▸ TASK: Output the listing word for word, minus pictures.

▸ MATERIAL PROVIDED:
------

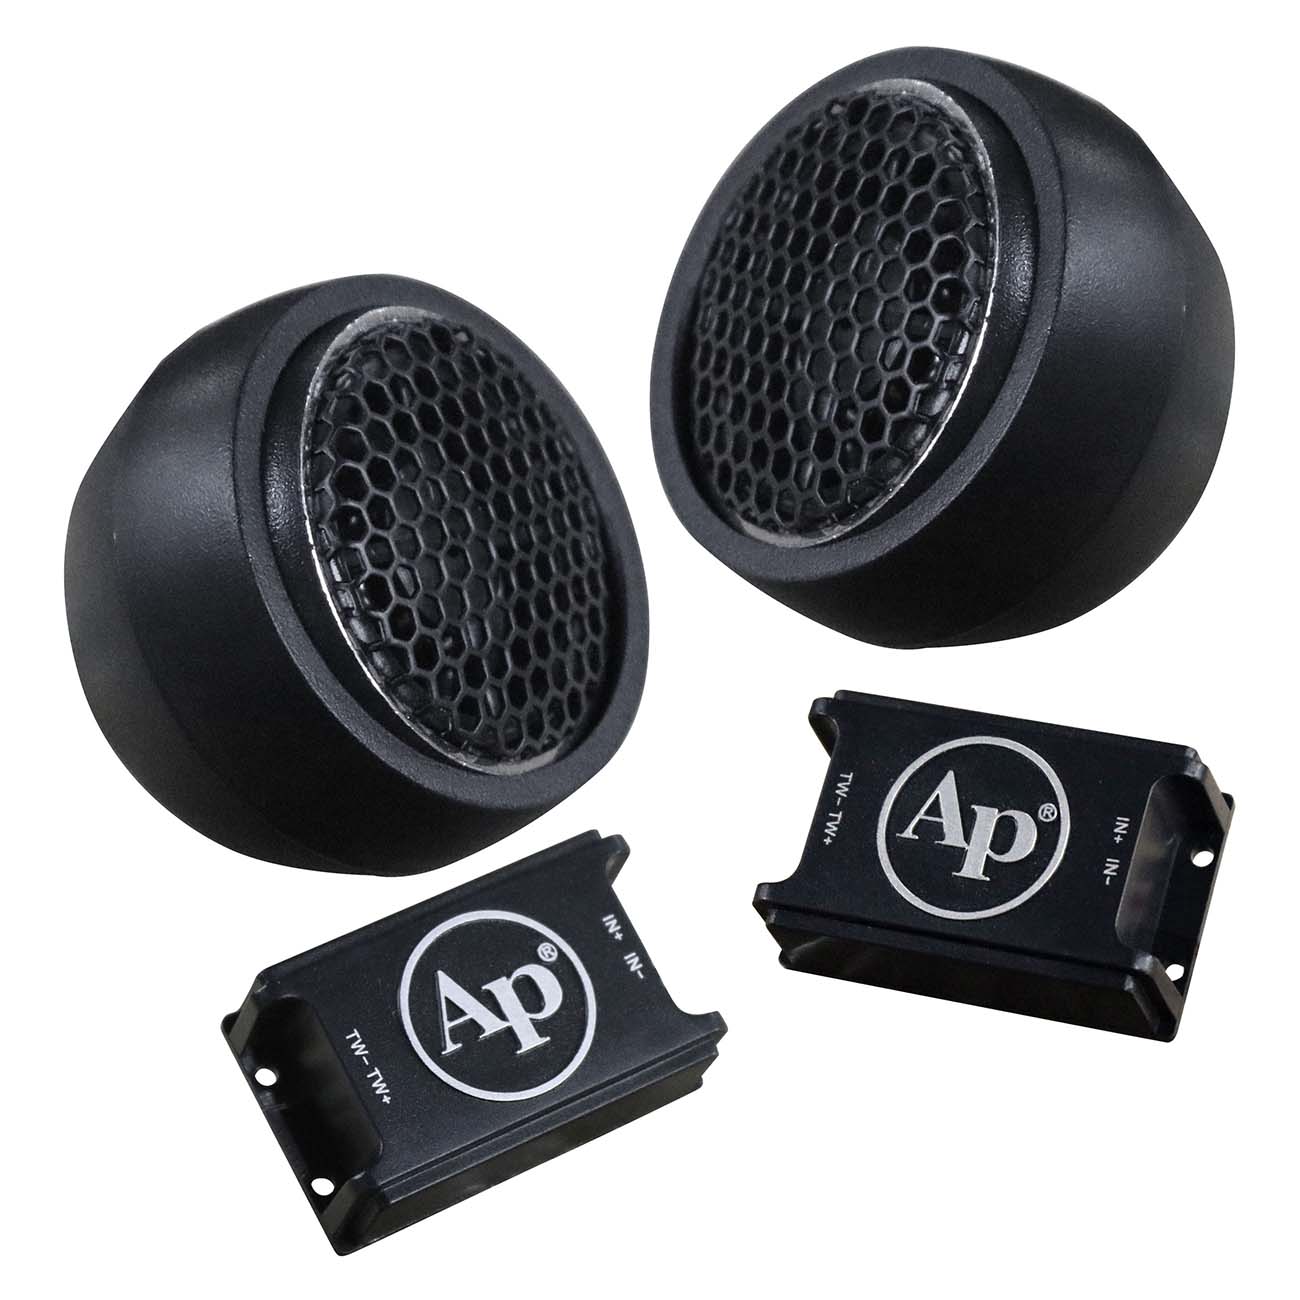 Audiopipe 1/2" Swivel Tweeter Pair 80 Watts Max Surface & Angle Mounting 4ohm
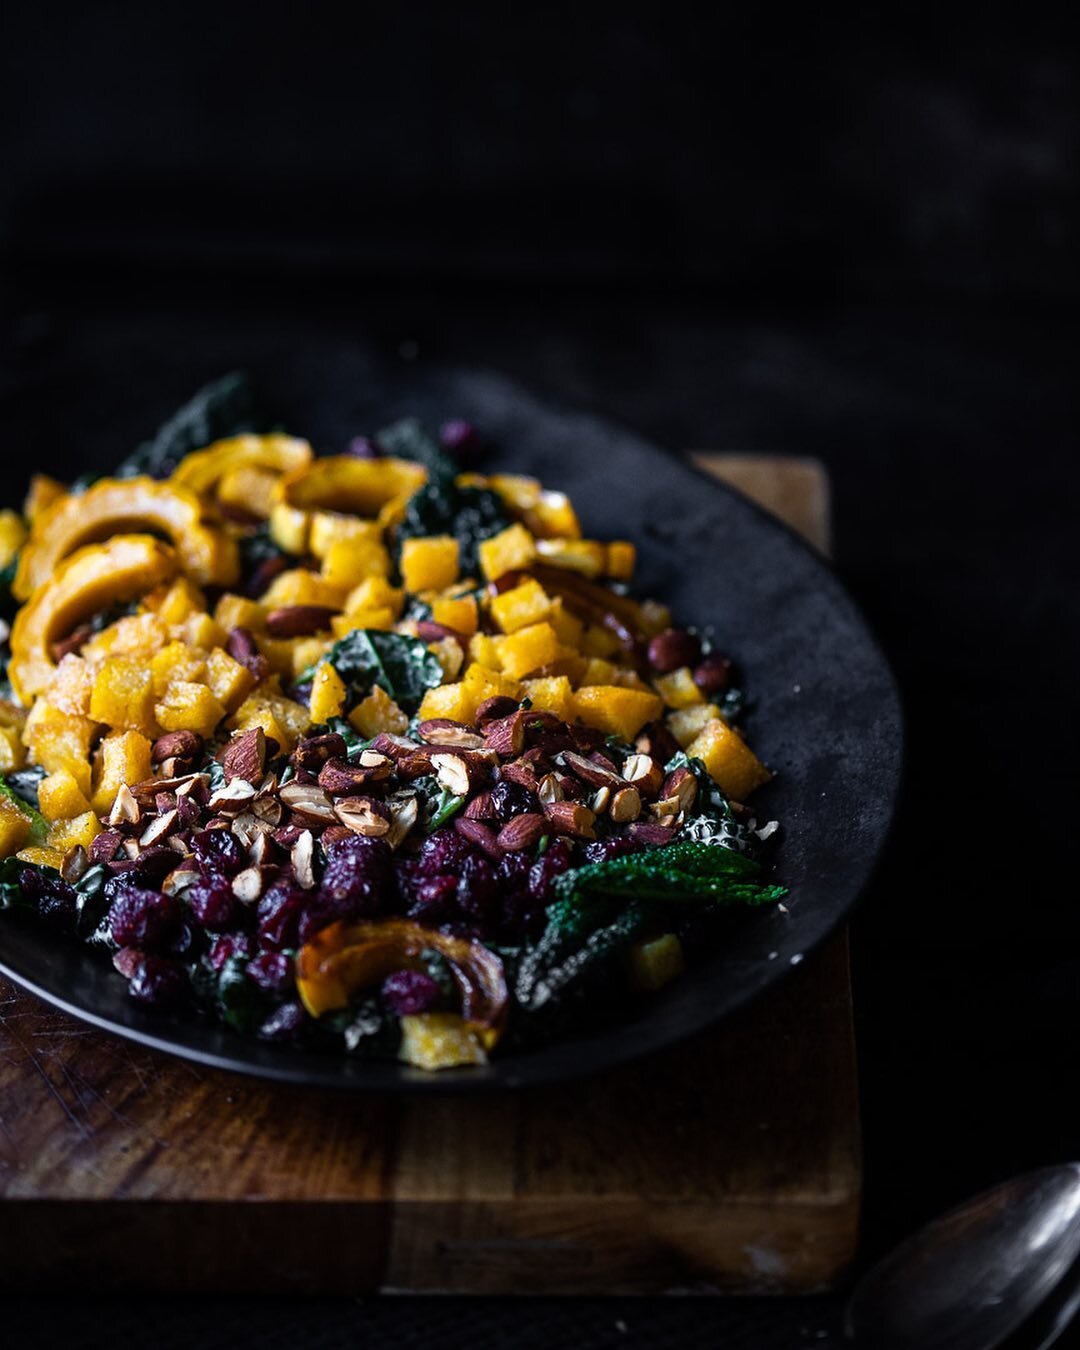 Squash, polenta, and kale Caesar salad!

Another squash salad option for your holiday (or just everyday) table. This one has crispy polenta croutons, spiced nuts, roasted delicata squash, and a garlicky tahini Caesar dressing that I would eat with a

------

▸ SOLVED EXERCISE:
 Audiopipe 1/2" Swivel Tweeter Pair 80 Watts Max Surface & Angle Mounting 4ohm
 Squash, polenta, and kale Caesar salad!

Another squash salad option for your holiday (or just everyday) table. This one has crispy polenta croutons, spiced nuts, roasted delicata squash, and a garlicky tahini Caesar dressing that I would eat with a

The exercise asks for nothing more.